Firstly, it isn't even actually published yet, so I'm not sure why you'd use
it as an example of why people shouldn't have tried other knwon techniques for
avoiding data races.

Secondly, there are plenty of already known ways of mitigating data races in
managed languages (incidentally, the "managed time" paper you describe
actually has a really good survey of availabile mitigation techniques).
Haskell is normally data race free. So is Erlang (99% of the time). Databases,
and transactional systems in general, give you _far_ more guarantees than
simple data race freedom (especially in the face of high concurrency) without
making it ludicrously hard to reason about (if you use a strong enough
isolation level), and they do that through managed software.

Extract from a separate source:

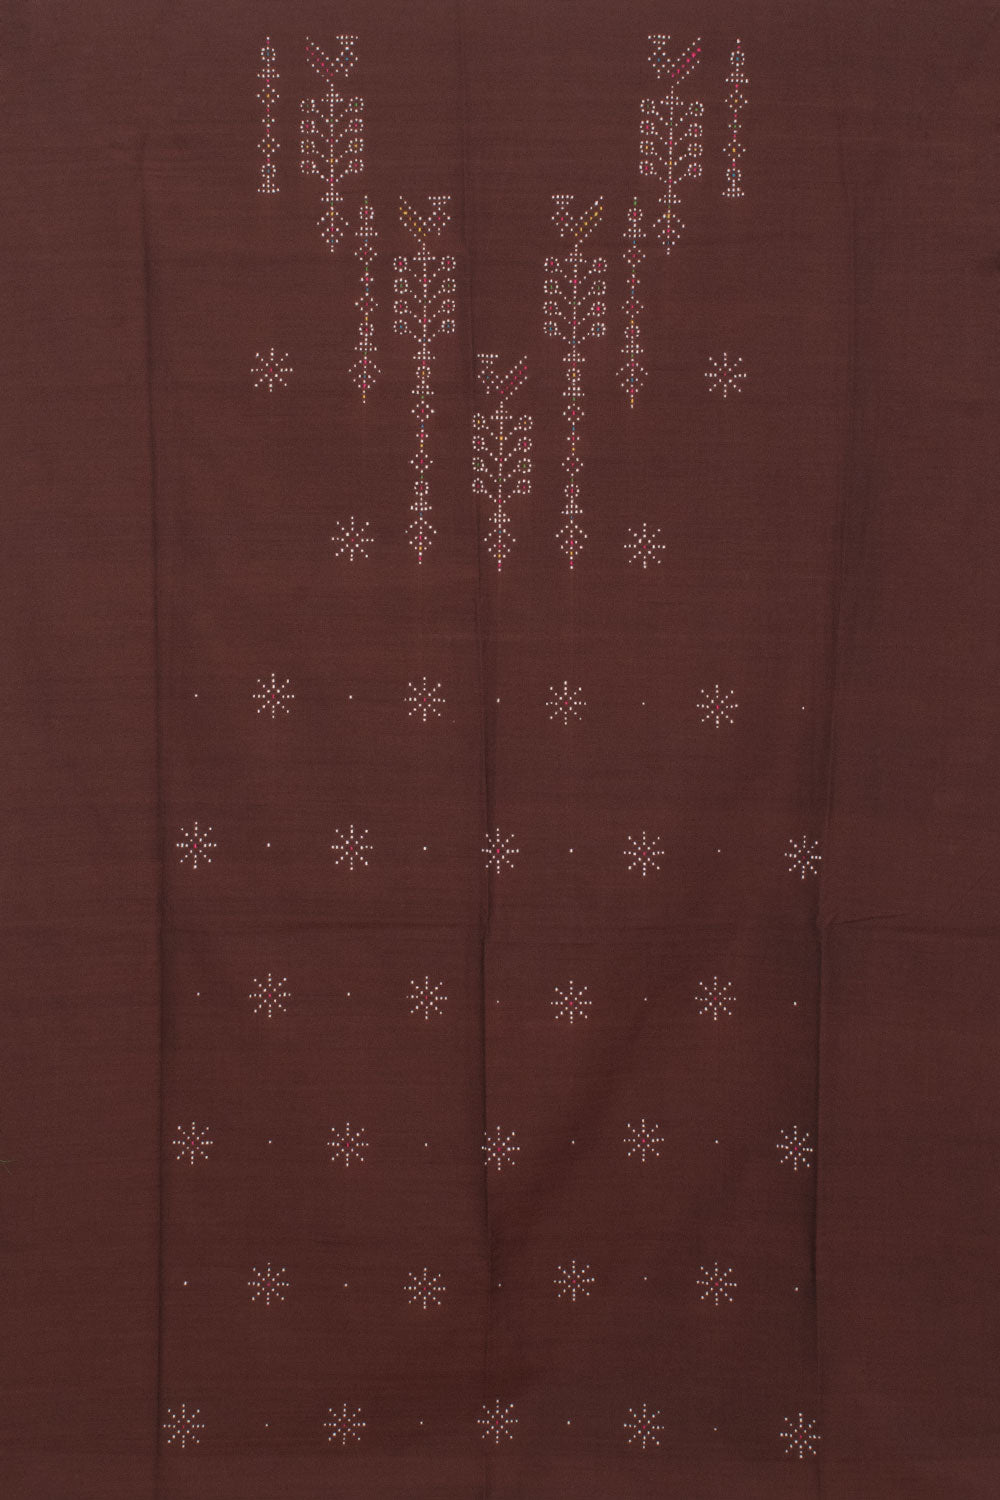 Tangaliya Cotton 2-Piece Salwar Suit Material 10058606

All of these systems, as good as they are, have very important tradeoffs: *
They trade off pure speed for higher throughput (generally speaking). * Even
if they are totally race condition free internally, they are still susceptible
to them when they interact with external systems (even other instances of
their own runtimes). * They require you to significantly constrain how you
write code in order to make it actually satisfy these properties.

And while points (1) and (2) actually have lots of similarities with the
tradeoffs of garbage collection as a technique, point (3) does not (well, I
guess you could argue about pointer math :)). I believe that this represents
irreducible complexity in parallel programming.

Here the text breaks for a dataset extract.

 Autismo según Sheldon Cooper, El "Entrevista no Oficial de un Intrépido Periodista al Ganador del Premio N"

As far as I can tell, Glitch is not different from transactional database
systems, and arguably much worse since it's a pretty naive implementation.
Restriction to commutative state updates is attactive in many cases, and they
are easy to optimize, but there are _tons_ of updates that aren't commutative
(look at a reasonably complex database system, some of which actually do have
notions of commutativity). Tasks are just another word for transactions (as
you can see, boundaries are explicitly specified). Glitch claims it is
different from this because they "do not address ordering changes made inside
a transaction, nor coordinating multiple causally connected transactions into
larger-scale processes." I find these claims very strange because at least as
used in databases, explicit orderings are actually pretty uncommon (that's the
whole point!) and Glitch is going to have the exact same issue if you try to
use it with the rest of the system. Similarly, the article discusses how
transactions need to be aborted and retried, but Glitch already does this.

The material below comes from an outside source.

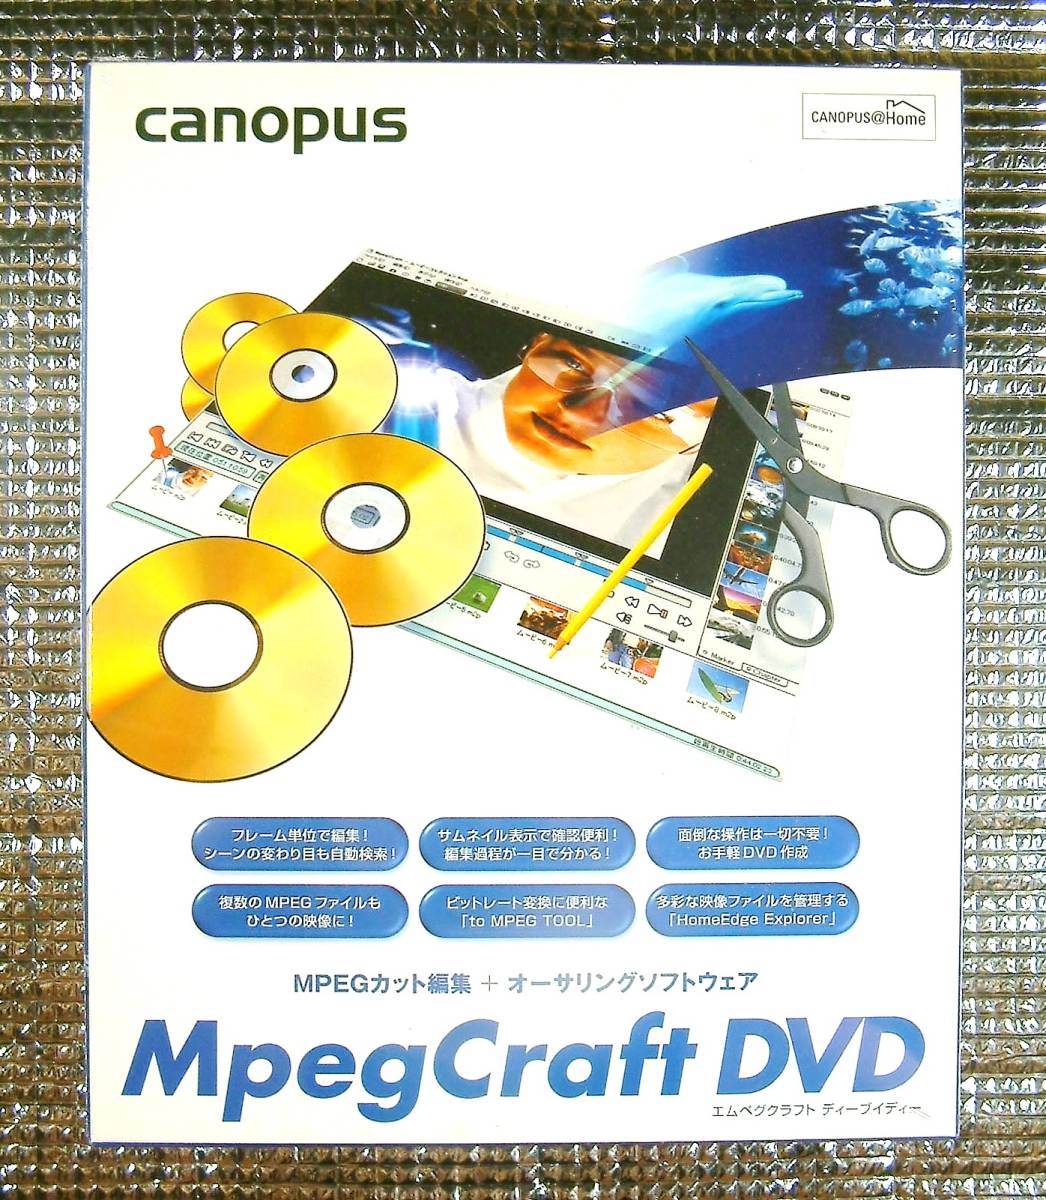 【3541】カノプス MpegCraft DVD 新品 canopus エムペグ ディーブイディー 未開封 カット編集オーサリング to MPEG TOOL HomeEdge Explorer

Because the system does not have any knowledge of global ordering, replay
order is fairly suboptimal (this was found to matter in practice in
PostgreSQL, for example, which avoids lots of potential deadlocks and
incorrectly reported serialization failures by reordering dependencies in this
way). Additionally, to preserve all its invariants, the program must remember
old state until the entire system is in a consistent state, which will lead to
substantial memory ovheread over other systems. Fixed-point iteration is also
intrinsically quite slow in many cases--I don't see any runtime analysis here
but I suspect in practice it is going to be a far cry from even naive garbage
collection techniques. Since the only reason to actually _do_ concurrent
programming is for performance (except, again, where interacting with external
systems, at which point your runtime can't help you anyway) I don't think this
can be usefully handwaved away. Unlike MVCC, Glitch does does not preserve an
easily _accessible_ view of old state (it's there but requires calculation to
reach), I think this problem is not going to go away with a better compiler as
the authors claim.

Most importantly, though, managed time fails point (3). From a cursory read
through the paper, I'm pretty sure it also suffers from the same potential
livelock issues that are the reason databases don't just restart transactions
automatically (the phrase livelock doesn't occur anywhere in the paper but I'm
assuming the authors are aware of it). It also seems to me that it would not
be hard to create cyclic dependencies that freeze up your program forever;
while this isn't necessarily _worse_ than proceeding with totally invalid
state, that doesn't give me great confidence that I can simply "plug and play"
Glitch and hope for the same behavior I'd see in a sequential system. Most
damningly, to quote the article:

"YinYang can be used to implement user interfaces, games, and even a compiler,
but it is not clear how to express simple things like an in-place bubble sort!
Many classic algorithms depend upon re-assignment in one time step and thus do
not naturally transliterate well into Glitch; similar limitations occur in
single-assignment languages."

Just to be clear: I'm a huge fan of transactions. I think they're great. I
would love first class support for transactions in most programming languages.
But while I think they're solving a much _harder_ problem than garbage
collection is (and certainly harder than the very restricted problem of
preventing data races, which can be done much more easily if performance
really isn't a factor by making every update atomic), calling them "automatic"
is a bit of a stretch.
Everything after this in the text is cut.